- Genre: Clip/Comedy
- Written by: Lee Kern
- Directed by: Lucy Forbes
- Presented by: Mr. T
- Voices of: Rupert Vansittart
- Theme music composer: Erran Baron Cohen
- Ending theme: "I Pity the Fool"
- Country of origin: United Kingdom
- Original language: English
- No. of seasons: 2
- No. of episodes: 20

Production
- Executive producer: Ash Atalla
- Producers: Chris Sussman Joe McVey
- Editor: Matt Jeffreys
- Running time: 28 minutes
- Production company: BBC/Roughcut TV

Original release
- Network: BBC Three
- Release: 6 June 2011 – 11 March 2013

= World's Craziest Fools =

World's Craziest Fools is a clip show made by Roughcut TV for BBC Three, presented by Mr. T. It showcases clips, sometimes viral, of people making themselves look like "Fools" (a reference to Mr. T's catchphrase), often by accident. Many clips were from CCTV footage.
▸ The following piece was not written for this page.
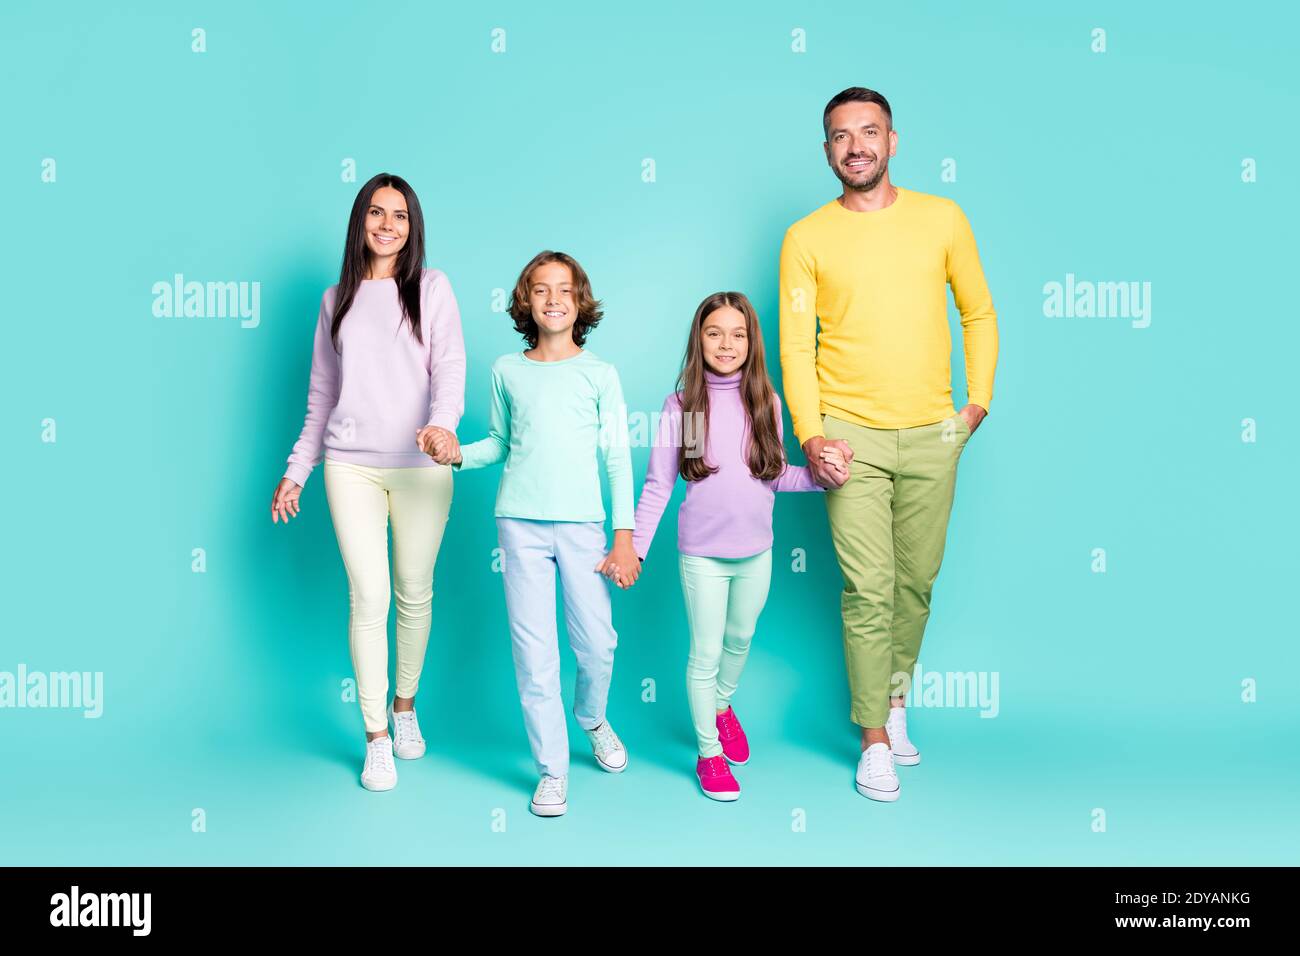 Photo portrait of full family walking forward holding hands isolated on vivid teal colored background Stock Photo

The videos are shown in different categories such as "Parking Fools", "Drunk Fools", "Workmen Fools", "Criminal Fools", "Assorted Fools", and "Fools Jumping Off Stuff They Shouldn't Be Jumping Off". As would be expected, some categories see more entries than others, and the categories that feature episode-to-episode are not bound to a predetermined structure.

==Animation==
In some segments of the show, animations were used to tell the story of a fool or fools who had either done something reckless or stupid, or criminals who performed crimes and got caught because of a mistake they made or believing they could get away with it when they hadn't. Other animations were used for phone calls, either to the police or emergency services (the first series featured calls to the police in the United States, the second series did calls to the police in the United Kingdom), or other dumb-sounding calls. In the second series, some clips were used alongside animation for products created by "T-Industries", usually to the tune of a product advertisement. The animations were done by
Big Red Button and Ben and Will Animation.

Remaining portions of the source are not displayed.